People magazine has placed the award-winning 12 Years a Slave actor at the top of its annual poll, continuing a remarkable year for the star
Having starred in a Miu Miu campaign and been signed up as the face of Lancôme within the past three months, Lupita Nyong’o’s fashion ascent has been dizzying – and it keeps going. Today, People magazine declared the actress the most beautiful person in the world.

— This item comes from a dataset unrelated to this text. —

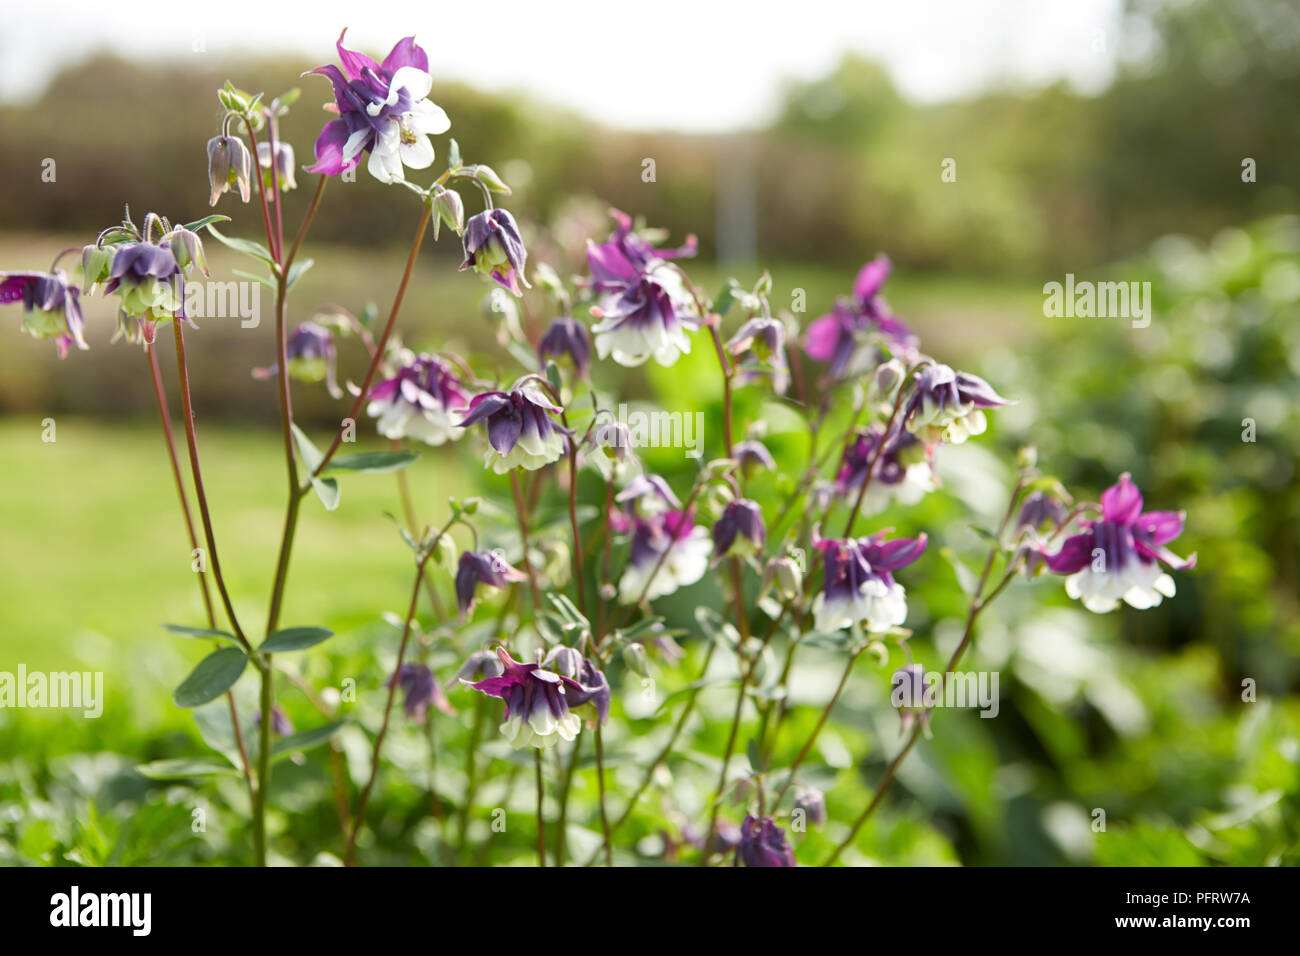 Aquilegias (Columbine) in a garden Stock Photo

Nyong’o was catapulted from obscurity to global fame late last year thanks to her performance as Patsey in Steve McQueen’s 12 Years a Slave. Throughout awards season her red carpet appearances won her, and her stylist, acclaim in the fashion industry, while much was written about her beauty. In January, for example, Enuma Okoro said that “for black women especially, she is a welcome sight in a public media eye that tends to obscure the beauty of dark-skinned women, an acknowledged issue in Hollywood circles”. Many also celebrated the fact that Nyong’o broke the Hollywood 'starlet' mould by having her big break at the age of 30.
Though this latest accolade may not rank beside Nyong’o’s Academy Award in terms of gravitas, it is an honour the actor has gladly accepted. In an interview with the magazine, she said: "It was exciting and just a major, major compliment ... I was happy for all the girls who would see me on [the cover] and feel a little more seen."

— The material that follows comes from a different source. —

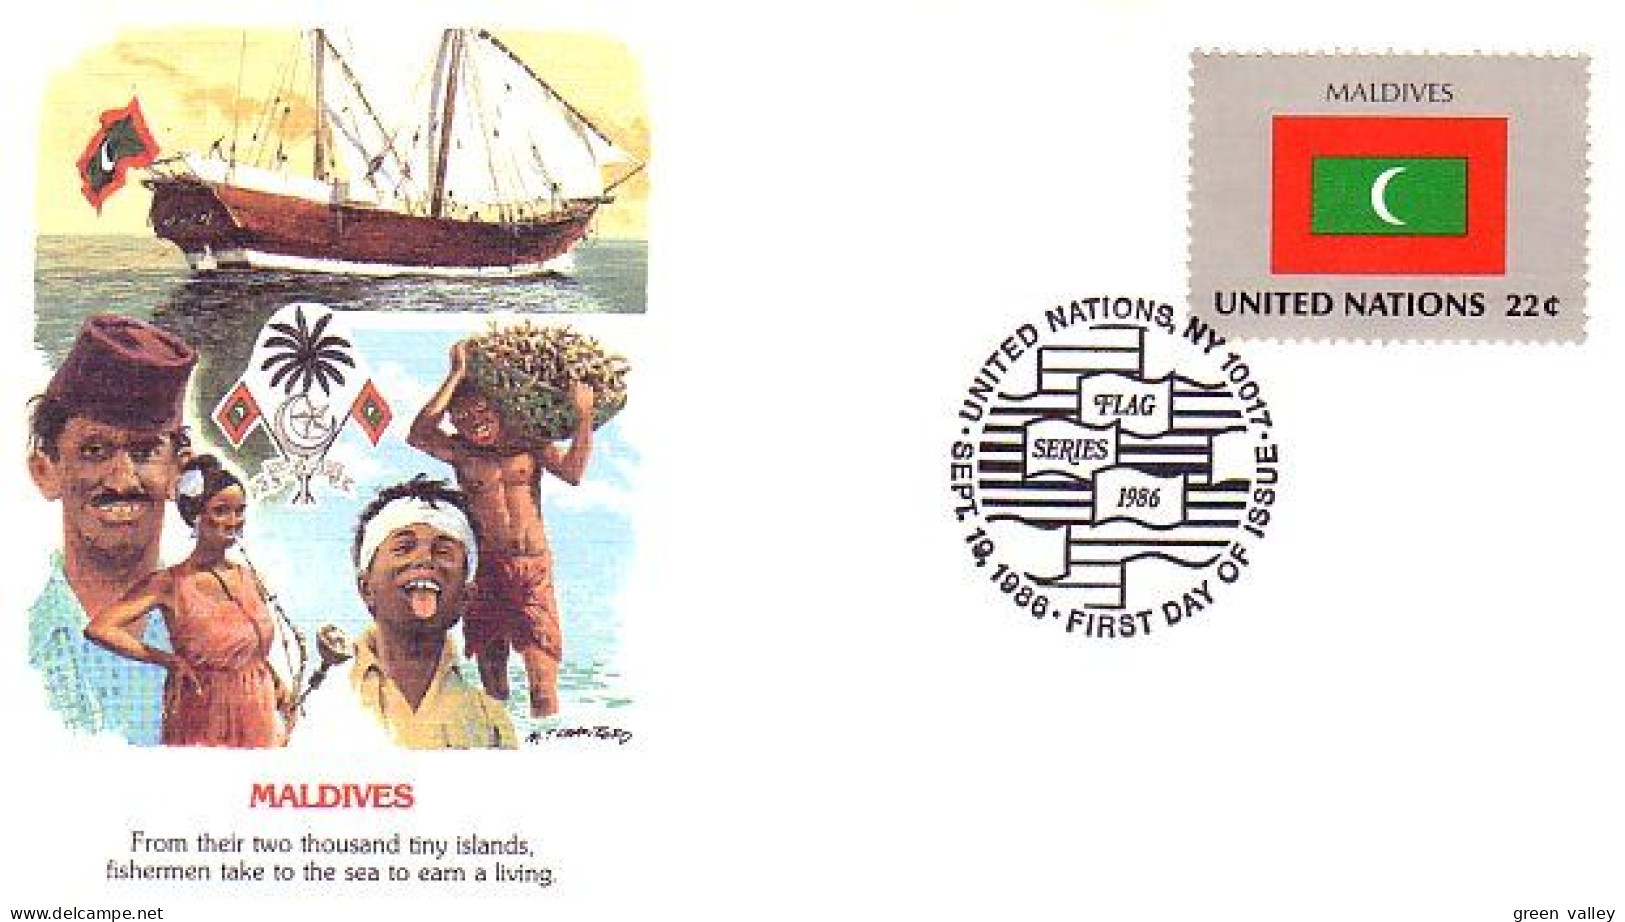 Maldives Flag Drapeau Fishermen FDC Cover ( A90 198) - Enveloppes

The People magazine award has only been given to women of colour three times since it was launched in 1990: Halle Berry in 2003, Jennifer Lopez in 2011 and Beyoncé in 2012. Previous winners include Gwyneth Paltrow, Leonardo DiCaprio and Michelle Pfeiffer. This year, Jennifer Lawrence, Mindy Kaling, Pink and Kerry Washington also appeared in the list, which is published in full on 25 April.
In February, Nyong’o gave a speech at Essence magazine’s Black Women in Hollywood event, saying: “I remember a time when I too felt unbeautiful. I put on the TV and only saw pale skin. I got teased and taunted about my night-shaded skin. And my one prayer to God, the miracle worker, was that I would wake up lighter-skinned.” She spoke of her “self-hate” in adolescence and her feelings of inspiration when the model Alex Wek rose to prominence. “I couldn’t believe that people were embracing a woman who looked so much like me as beautiful ... a flower couldn’t help but bloom inside of me.”